The sudoku LHS algorithm is a bit like the first stage in the design of an N-dimensional sudoku puzzle, hence the name: each "sudoku box" must have exactly the same number of samples, and no two samples may occur on the same axis-aligned hyperplane.

Sudoku LHS runs in linear time (w.r.t. the number of samples), and requires a linear amount of memory. Details are provided in the source code comments.

Sudoku LHS is inspired by, but not related to, orthogonal sampling. The latter refers to LHS sampling using orthogonal arrays; about that, see the articles:

• B. Tang 1993: Orthogonal Array-Based Latin Hypercubes,
• A. B. Owen 1992: Orthogonal arrays for computer experiments, integration and visualization,
• K. Q. Ye 1998: Orthogonal column Latin hypercubes and their application in computer experiments

Latin hypercube sampling itself was first described in

• M. D. McKay, R. J. Beckman, W. J. Conover, 1979. A Comparison of Three Methods for Selecting Values of Input Variables in the Analysis of Output from a Computer Code

For a quick description of classical LHS, see e.g. Wikipedia.
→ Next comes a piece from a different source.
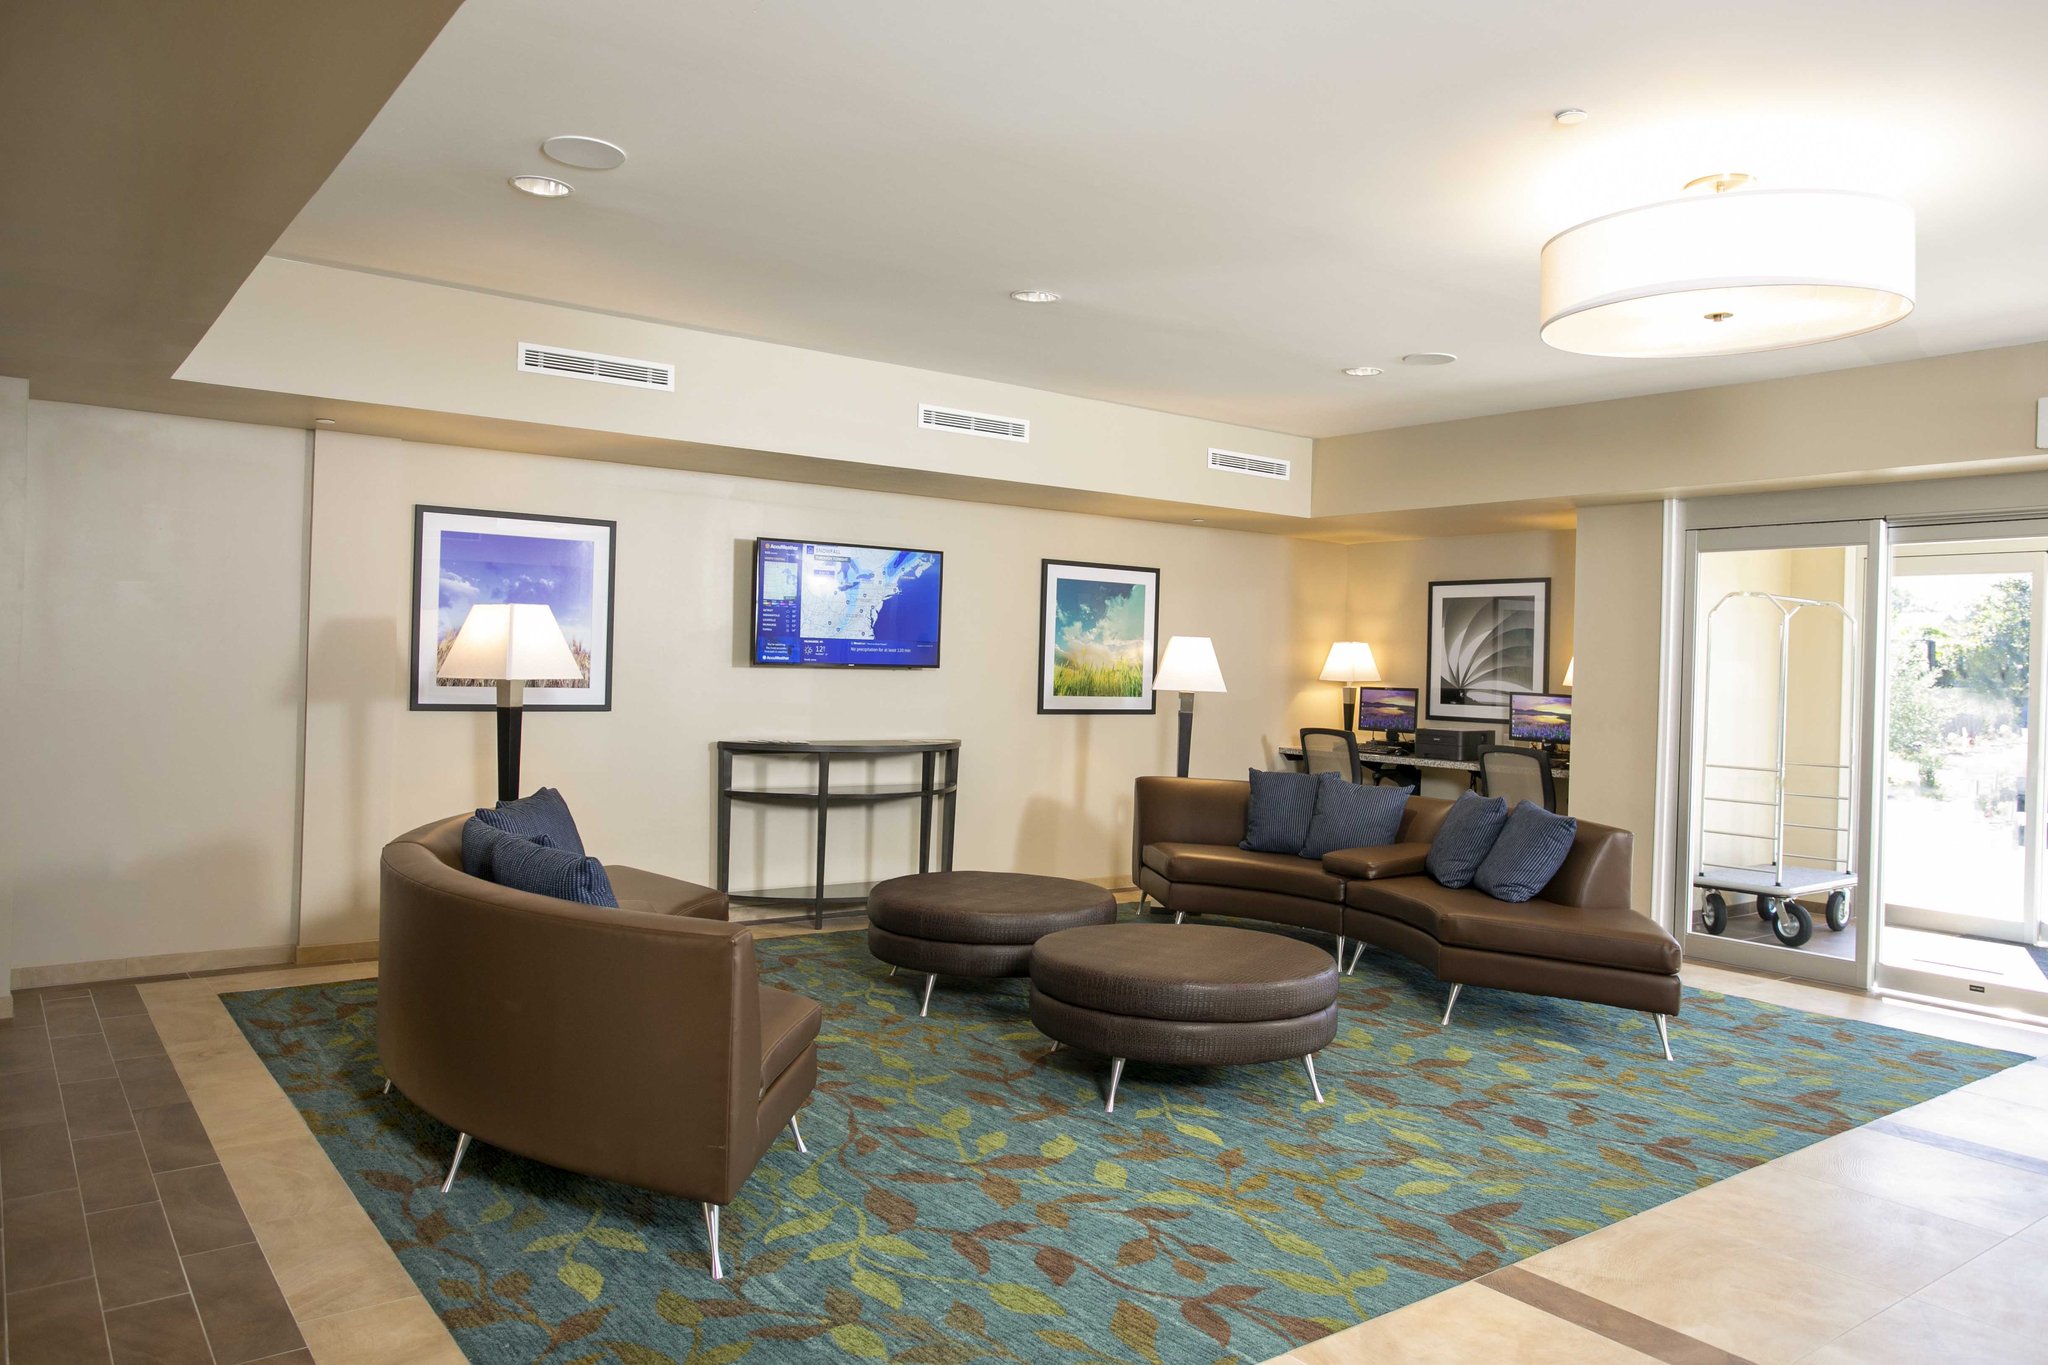 Candlewood Suites Jacksonville - Mayport

Sudoku LHS improves on pure Monte Carlo and classical LHS, but loses to IHS, on which the original paper is:

• Beachkofski, B. K. and Grandhi, R. V., 2002. Improved distributed hypercube sampling. In 43rd AIAA structures, structural dynamics, and materials conference. AIAA-2002-1274. Denver, CO.

IHS is (close to?) ideal in this regard, as it specifically aims to maximize the distance between pairs of sampled points.
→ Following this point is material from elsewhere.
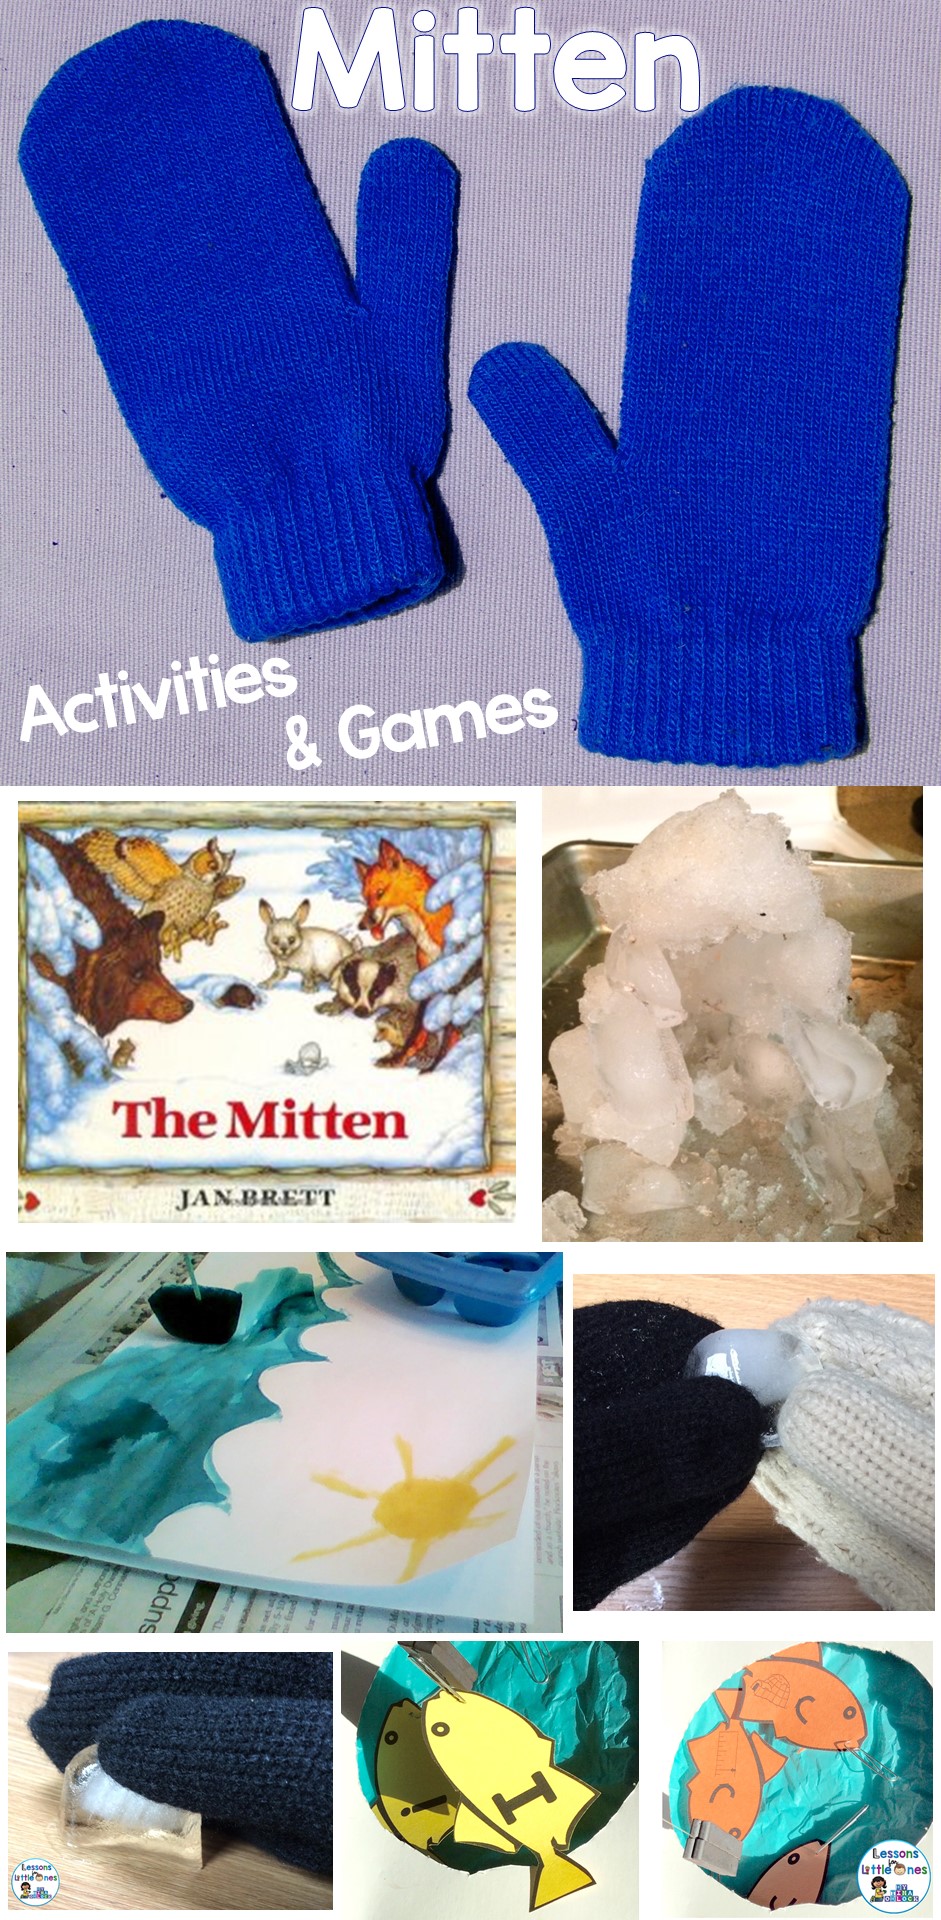 Mitten Activities & Games for the book The Mitten

In the sense of the pairwise linear correlation coefficient of columns (which contain the permutations), sudoku LHS typically improves statistical independence when compared to pure Monte Carlo or classical LHS. The improvement is the most marked in two dimensions (because sudoku LHS stratifies in 1 and N dimensions, and here N = 2), but some improvement is also noticeable for at least N = 3 and N = 4 (where stratification occurs only in 1 and 3 (resp. 1 and 4) dimensions). See test/sudoku_cor_test.py to produce actual numbers.

Orthogonal sampling, by definition, produces the ideal sample in this regard (exactly zero correlation).

import sudoku_lhs
# input: dimensions, sudoku boxes per axis, number of samples to place in each sudoku box
# output: sample array, number of bins per axis
S,m = sudoku_lhs.sudoku.sample(2, 3, 1, visualize=True, verbose=True)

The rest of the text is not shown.